Quizás por la situación geográfica de Machachi, perdida en el altiplano y rodeada por las dos dorsales andinas, por la estación del año, propensa a neblinas, lluvias y cielos plomizos, por la idiosincrasia de la gente serrana, o porque el elemento fundamental del festejo es el caballo, lo cierto, es que el colorido de la fiesta toma matices oscuros, avivados esporádicamente por el rojo sangre del poncho de algún “chagra” o por el blanco níveo de las llamas que acompañan a los diferentes grupos.
Junto a lo agreste de la celebración, el matiz religioso tan típico de los incas, que mezclas los ritos ancestrales de sus antepasados con la nueva religión impuesta por los conquistadores. En ellos la virgen es pequeña y morena como las mujeres de su tierra y los santos están entroncados en las fábulas milagrosas propias de cada zona. A lo largo de la calle principal, y tras presentarse a las autoridades locales en la plaza mayor, los integrantes de las diferentes haciendas descienden a rendir pleitesía al santo situado a la salida del pueblo.

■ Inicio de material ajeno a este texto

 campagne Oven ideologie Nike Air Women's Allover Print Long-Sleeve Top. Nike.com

Es impresionante contemplar esos grupos de hombres, mujeres y niños ataviados con ponchos oscuros y luciendo sus mejores galas caballísticas, recorrer las calles haciendo sonar las herraduras de sus bestias sobre el empedrado, lanzarse al galope, al paso o al trote, hacer caracolear a sus corceles, o manejar el lazo. Lo es más al analizar detenidamente la estampa de los integrantes de cada hacienda: en cabeza y montando briosos caballos, detrás los capataces, y por último los “chagras” portando animales, productos del campo y artesanía típica para ofrecer al santo.
A mí, espectador perdido de la fiesta me sorprendió tanto la belleza de los hombres, dueños de grandes haciendas ganaderas y expertos caballistas, como la dureza y habilidad de los chagras, que sobre tordos animales, casi siempre saturados de “chicha” y “duro” recorren velozmente las calles sin crear problemas ni producir accidentes.

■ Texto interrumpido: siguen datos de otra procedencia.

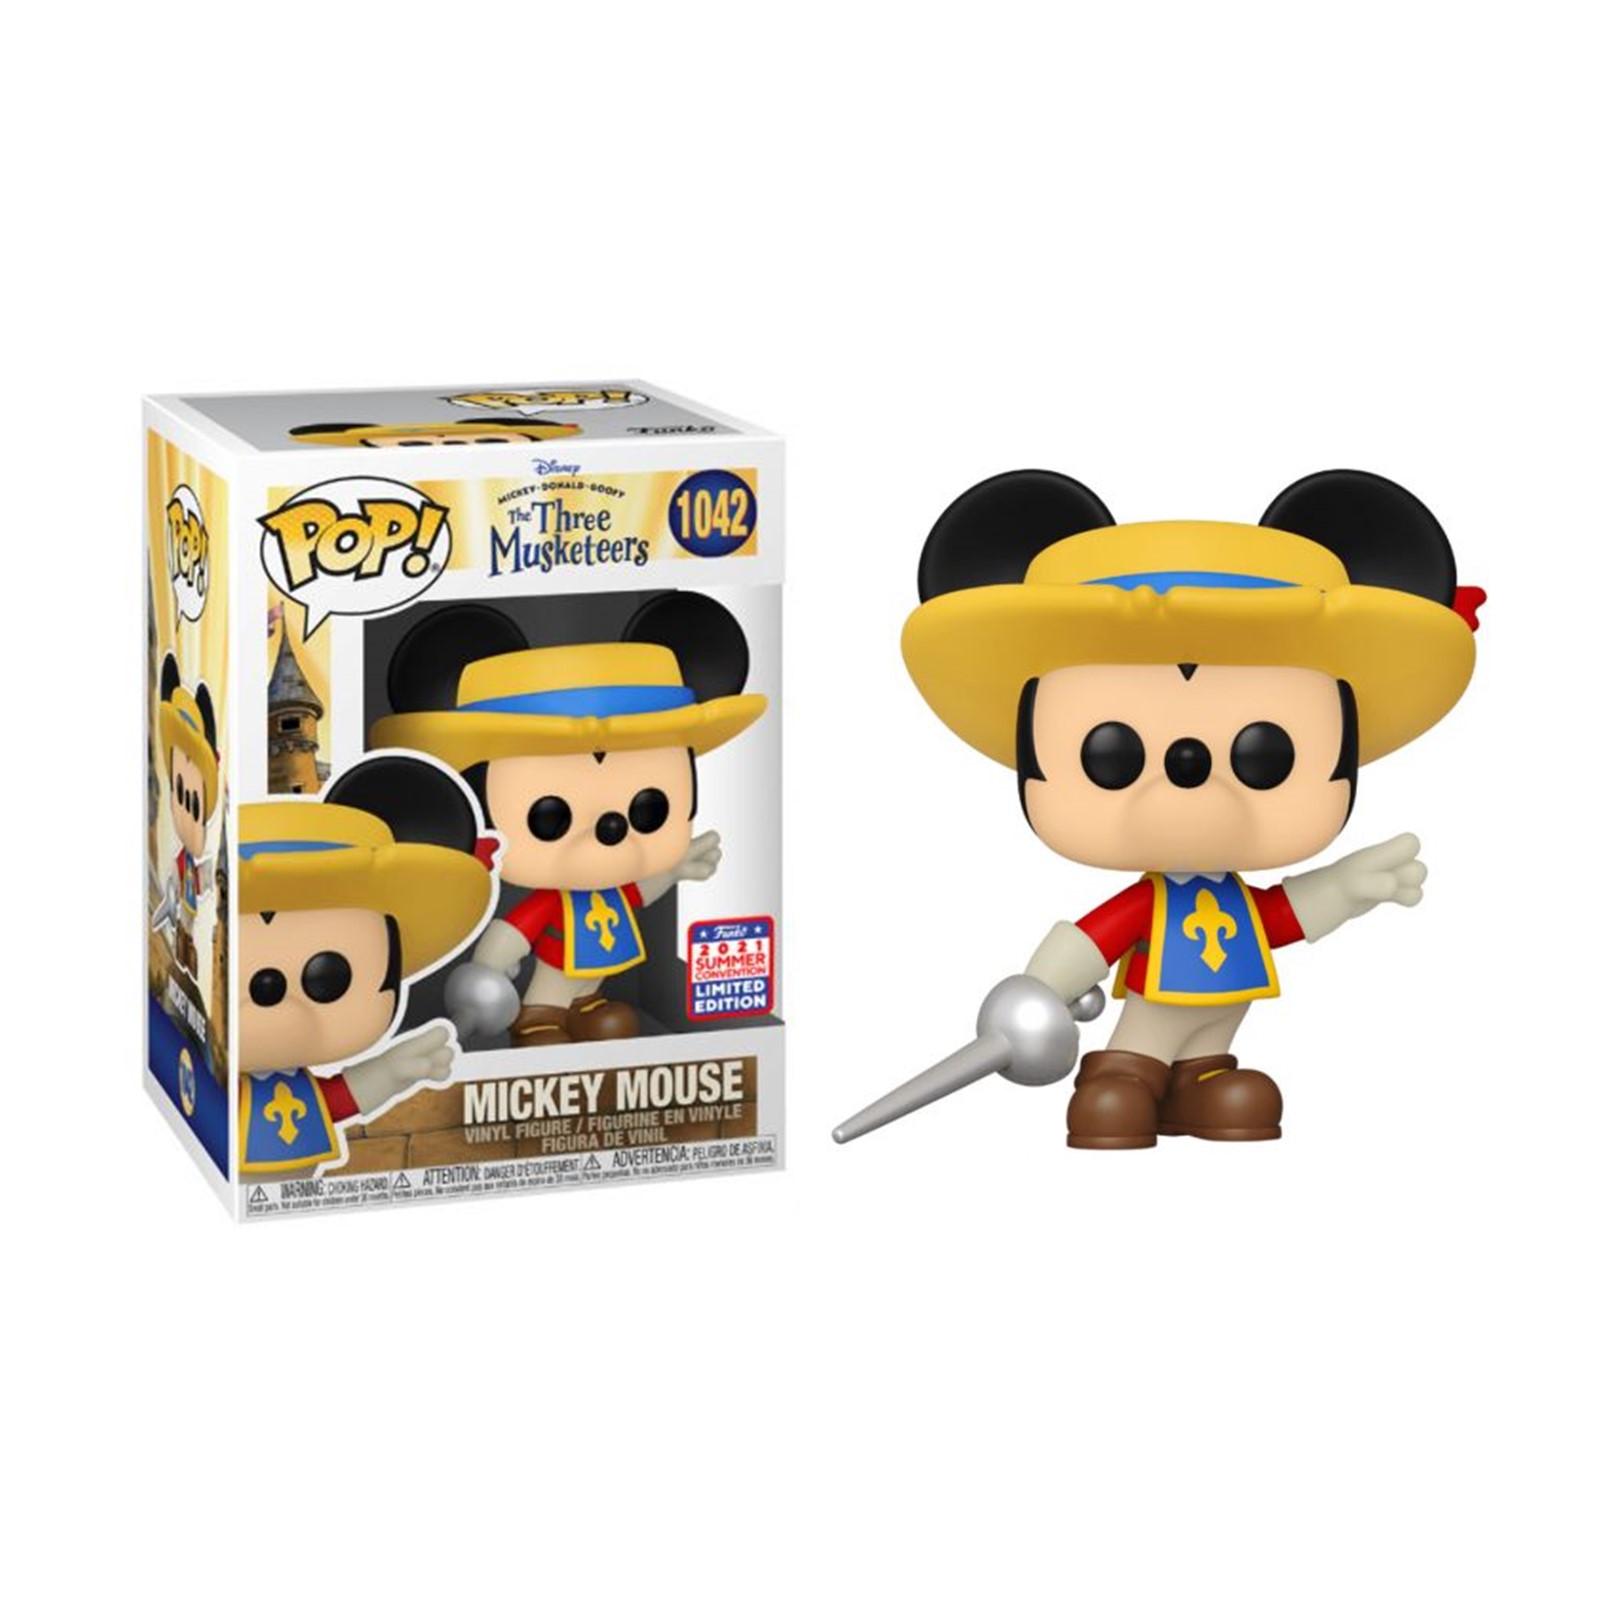 Funko Pop Disney Les 3 mousquetaires Mickey Mouse Convention – 1042

A lo largo de la mañana, los representantes de las haciendas más renombradas de la sierra, los de Solanda, Huaricama, Januharaco, Huagrahuasí y otras, lucieron sus galas y su porte sobre Machachi. Con el paso del tiempo, el gentío fue amalgamándose, el licor hermanó a hombres y mujeres. La fiesta, que empezó ordenada y jovial, fue perdiendo su poderío y pujanza. El pueblo fue lentamente despoblándose, cada grupo, tras participar en el rodeo, retornó a su hacienda a festejar, comiendo y bebiendo, su día grande. Los turistas se refugiaron en los distintos hostales y salones de la carretera y los grupos étnicos serranos tomaron los prados y las calles como centro de reunión o como restaurante campestre.
Cuando por la tarde, envuelto en esa lluvia fría de la sierra abandoné Machachi, el pueblo había retomado su normalidad, solo quedaban calles vacías, sucias tras la fiesta de la mañana, ambiente gris y plomizo, algún que otro borracho tirado en el asfalto y grupos familiares retirándose silenciosamente hacia sus casas.
No sé si por mi estado, o por el gris-oscuro del ambiente y de la gente, la fiesta de la chagrería había quedado en mi mente como algo agreste y frío. Quizás fuera cierto, tal vez así se representaba la dureza de esos serranos que viven, comen y duermen sobre sus monturas, que se cubren del frío bajo sus grandes ponchos y que se confortan con el calor del “duro” y con la doma de esos animales bravíos, para ellos amigos y compañeros inseparables.